# Crazy unknown networking problems?

## Kas_

So, I've been having a lot of problems with gentoo in general. I'll just post my networking problems here though. 

So first, the cupsd stopped working and i believe this is a networking problem more than a configuration problem because i configured it the same way as i did on my laptop which is running gentoo and it works on my laptop but stopped working on gentoo. 

Second, I tried to configure a static ip address on gentoo via /etc/conf.d/net file and it used to work but now it gives me an error that says : RTNETLINK answers: invalid argument. It gives me this error when i restart net.eth0. 

Third, I'm now using a dhcp connection that used to work yesterday and just completely stopped working.  I cannot ping to google but the DNS servers are fine because google's ip address is showing up. i can ping to my router and my laptop works so i'm pretty certain it is not my router's fault. 

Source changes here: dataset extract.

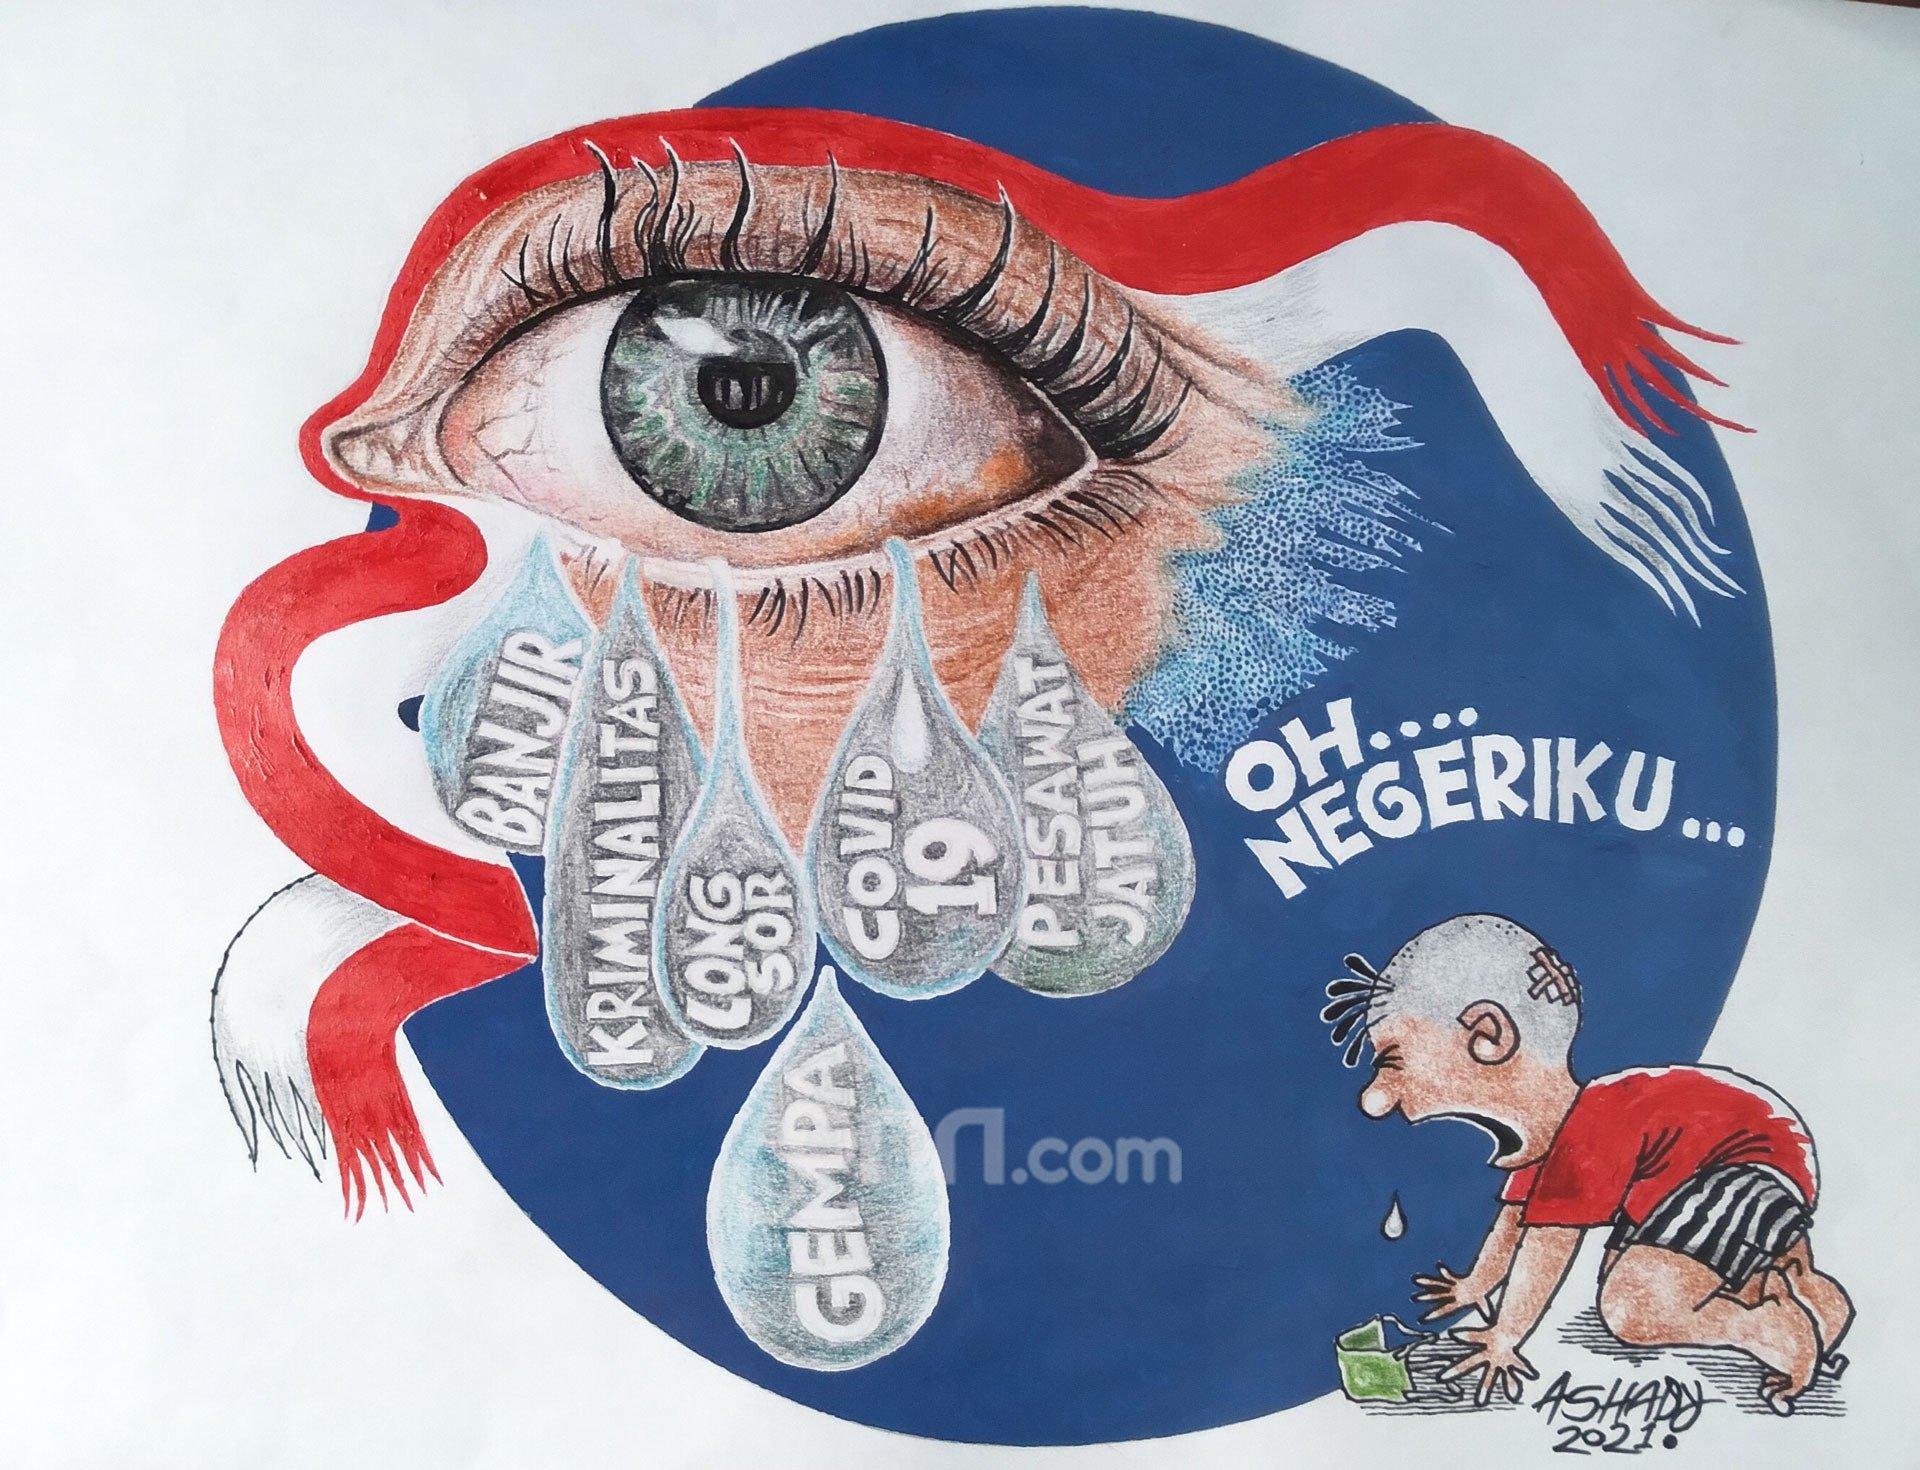 Oh Negeriku. Karikatur oleh Ashady - JPNN.com

Everything else on my network is compeltely fine. I think I might have configured stuff wrong for my kernel when i first was setting things up and now that stuff is catching up with me...i don't know. I really have no idea what's happening. Please help.Last edited by Kas_ on Sun Mar 10, 2013 9:55 pm; edited 1 time in total

----------

## NeddySeagoon

Kas_,

Lets start with checking out your kernel.   Post the output of lspci, so we can see what network modules you need.

We only need the lines relevant to networking but please don't copy type it unless thats all you can do.

A photo on a free photo site will be better than typos.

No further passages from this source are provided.